My suggestion would be to write something that can pick apart those 3 things and do the small edits you need them to and reassemble the file, mal-formedness and all.

If you proceed down the path that the browsers did and try to guess a documents meaning (via your own code or a module), I believe you'll end up far too often fixing html by hand, either on the way in or the way out and much sadness will ensue.

To offer at least something and not leave you with, "Oh ya that sucks. Good luck!" Here's a bit code that might help.
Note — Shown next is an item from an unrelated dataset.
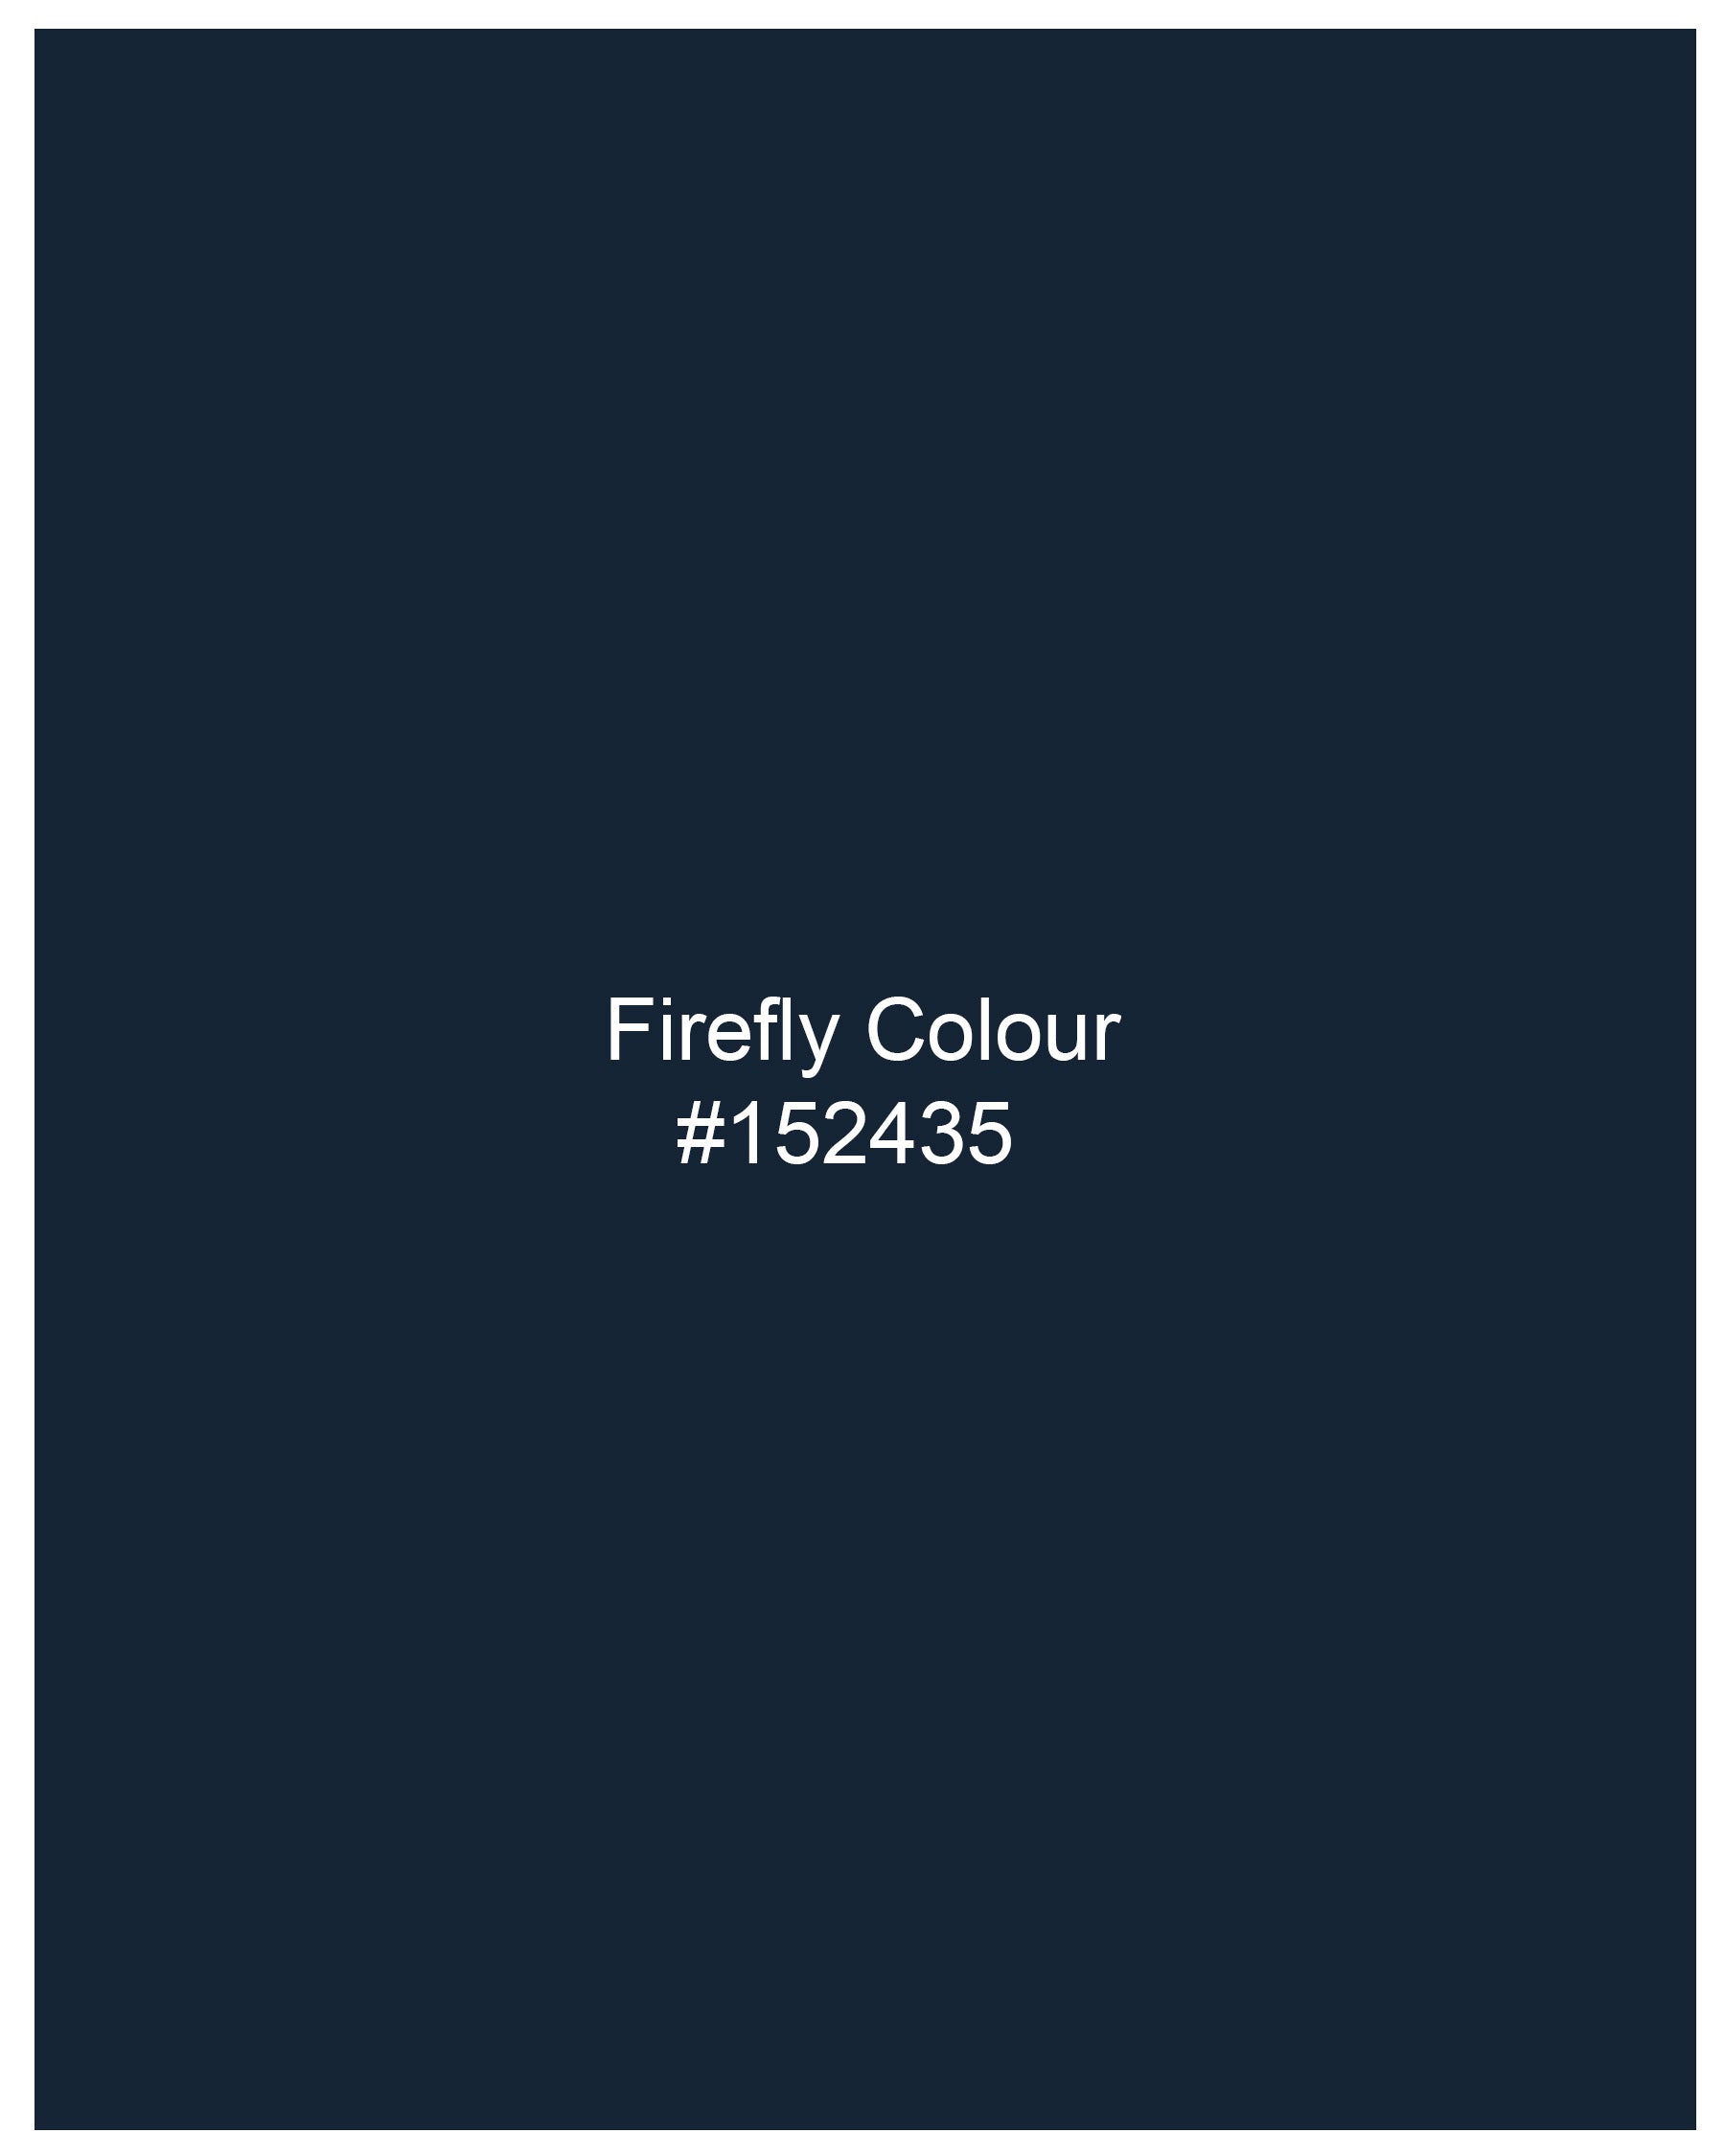 Firefly Navy Blue Premium Cotton Shirt 8055-BLE-38, 8055-BLE-H-38, 8055-BLE-39, 8055-BLE-H-39, 8055-BLE-40, 8055-BLE-H-40, 8055-BLE-42, 8055-BLE-H-42, 8055-BLE-44, 8055-BLE-H-44, 8055-BLE-46, 8055-BLE-H-46, 8055-BLE-48, 8055-BLE-H-48, 8055-BLE-50, 8055-BLE-H-50, 8055-BLE-52, 8055-BLE-H-52

It's inefficient, but ok for moderate sized data. (I just happened to run across this yesterday in my playground/lets-see-if-I-can-do-X perl script dir):

sub parse { my $source = shift ; my @output ; while ( $source =~ s/^([<]*)<//s ) { push @output, [ 'text', $1 ] if $1 ne '' ; $source =~ s/^([^\s>]*)([\s>])//s ; my $tag = $1 ; if ( $tag eq '!--' ) { $source =~ s/^(.*?)-->//s ; push @output, [ 'comment', $1 ] ; } else { my $param = '' ; if ( $2 ne '>' ) { while ( $source =~ s/^([^'">]*)(["'>])//s ) { $param .= $1 ; last if $2 eq '>' ; my $quote = $2 ; $source =~ s/^([^$quote]*$quote)// ; $param .= $quote . $1 . $quote ; } } push @output, ['tag', $tag, $param ] ; } } return @output ; }
Keep in mind, it's largely untested, written like 4 years ago mostly as an exercise.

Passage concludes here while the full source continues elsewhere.